In the decades following the Civil War only a fraction of the product on the market consisted of the quality spirits a modern consumer might recognize as “straight” bourbon or rye whiskey—that made purely from specified grains, distilled at a proof lower than 160 and aged in a charred new oak barrel for at least two years. Much of what was sold originated with bulk operators who specialized in manufacturing tasteless, high-proof spirits marketed today as vodka (after the proof is lowered with water) or as fuel or for use in other industrial purposes. These pure ethanol products, almost indistinguishable from one distillery to the next, are commonly known as grain neutral spirits.

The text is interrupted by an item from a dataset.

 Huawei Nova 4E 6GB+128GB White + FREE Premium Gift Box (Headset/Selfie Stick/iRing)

Some westbound whiskey might have started out as quality bourbon or rye, but en route to the saloons middleman “rectifiers” often mixed it with water or grain neutral spirits to inflate the supply and boost profits. Lack of oversight often tipped the scales in favor of corner cutters. Lax trademark enforcement allowed them to steal label designs such as Old Taylor Bourbon to move a product actually distilled from a low-grade variety of molasses called “blackstrap,” dressed up with adulterants like burnt sugar, glycerin, prune juice or various acids.

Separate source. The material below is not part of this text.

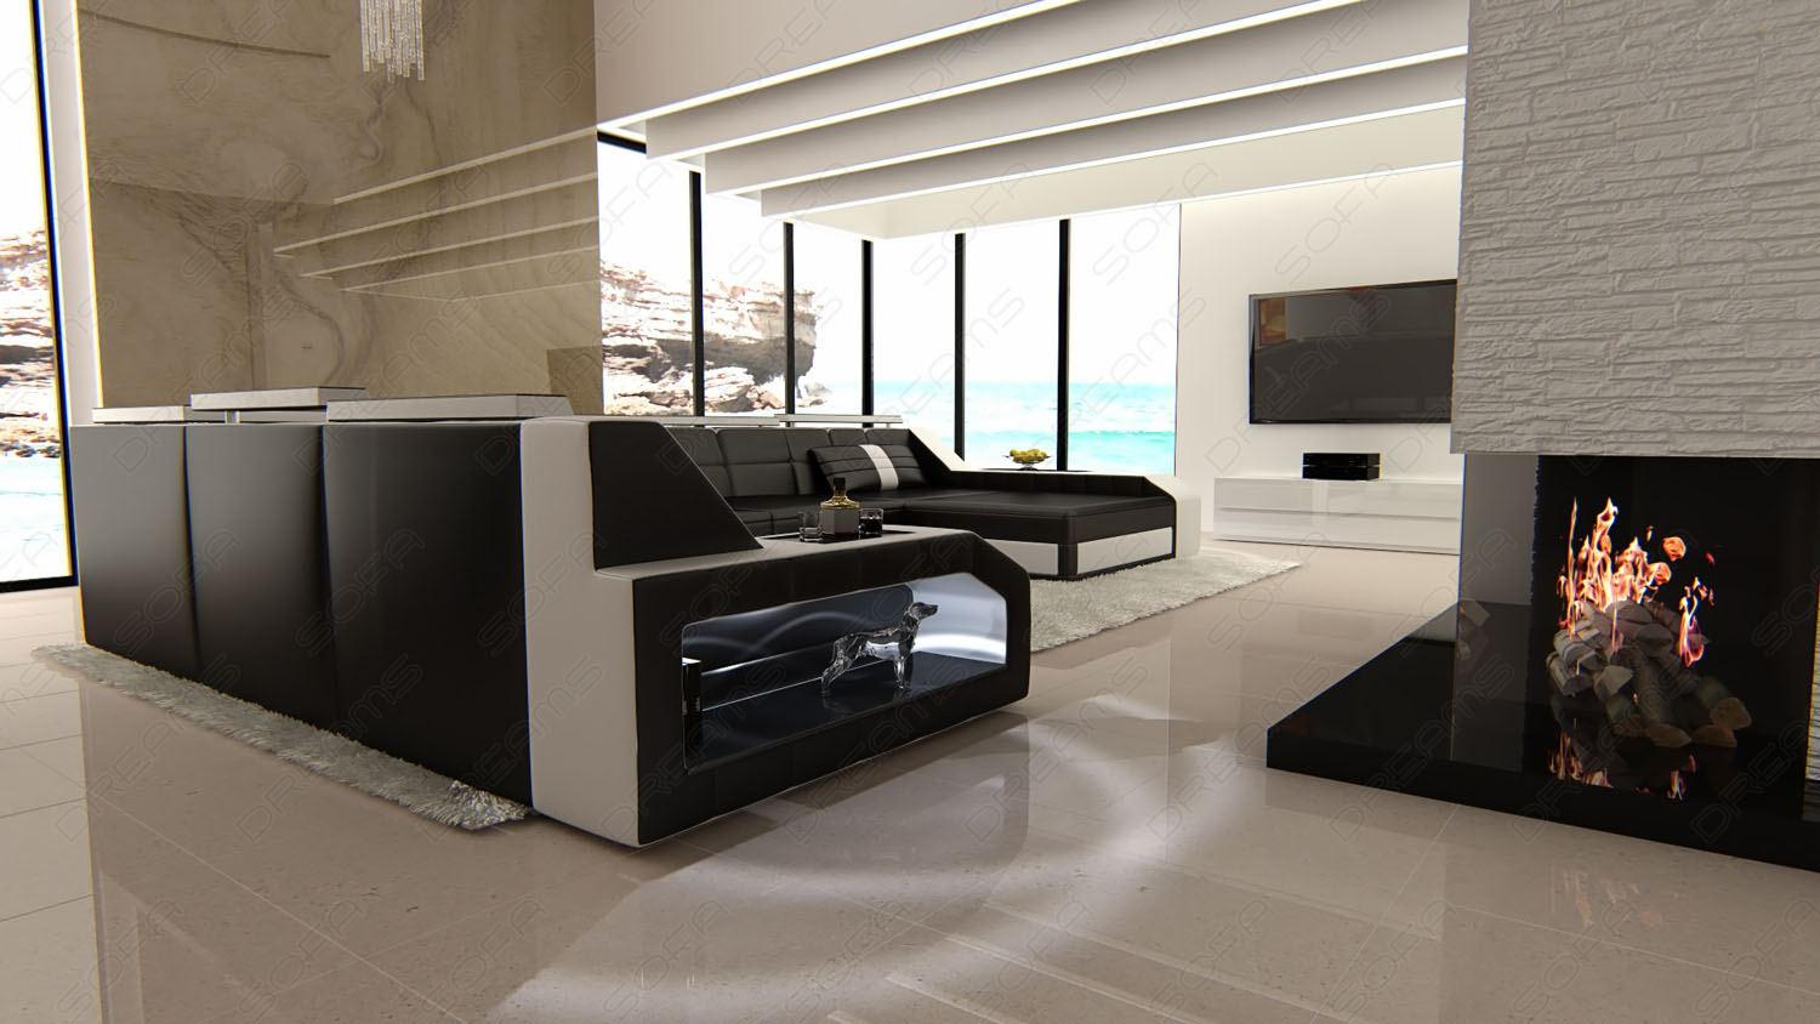 Design Sectional Sofa MATERA XXL with LED Lights black white  eBay

An 1880s ad (see above) for rectified whiskies produced by Chicago’s A. Bauer & Co. offers a less savory alternative to the romantic West depicted in Leutze’s painting. It features a cowboy, a Chinese man and an American Indian playing poker atop a blanket. The Chinese man has just claimed the pot with three aces, but the cowboy moves to take the loot at gunpoint, while the Indian makes a grab for the distracted cowboy’s whiskey. In the background is Sam Toughnut’s saloon, which hangs out shingles for several of Bauer’s whiskies.

In 1897 whiskey businessmen such as Edmund Haynes Taylor Jr. and George Garvin Brown urged Congress to pass the Bottled-in-Bond Act, making the federal government the guarantor of a whiskey’s quality. Affixed to the product, the Bottled in Bond stamp assured consumers the spirit originated with the maker on the label, was made all at one distillery and was aged four years or longer in a warehouse supervised by federal officials. In 1906 Roosevelt signed the Pure Food and Drug Act, which further enforced proper labeling, and in 1909 President William Howard Taft clarified the rules regarding whiskey, putting in place many of the standards that remain today. In the end it took an unlikely coalition of scientists in white lab coats, litigious capitalists and, yes, reform-minded bureaucrats to transform American whiskey into a world-class sip.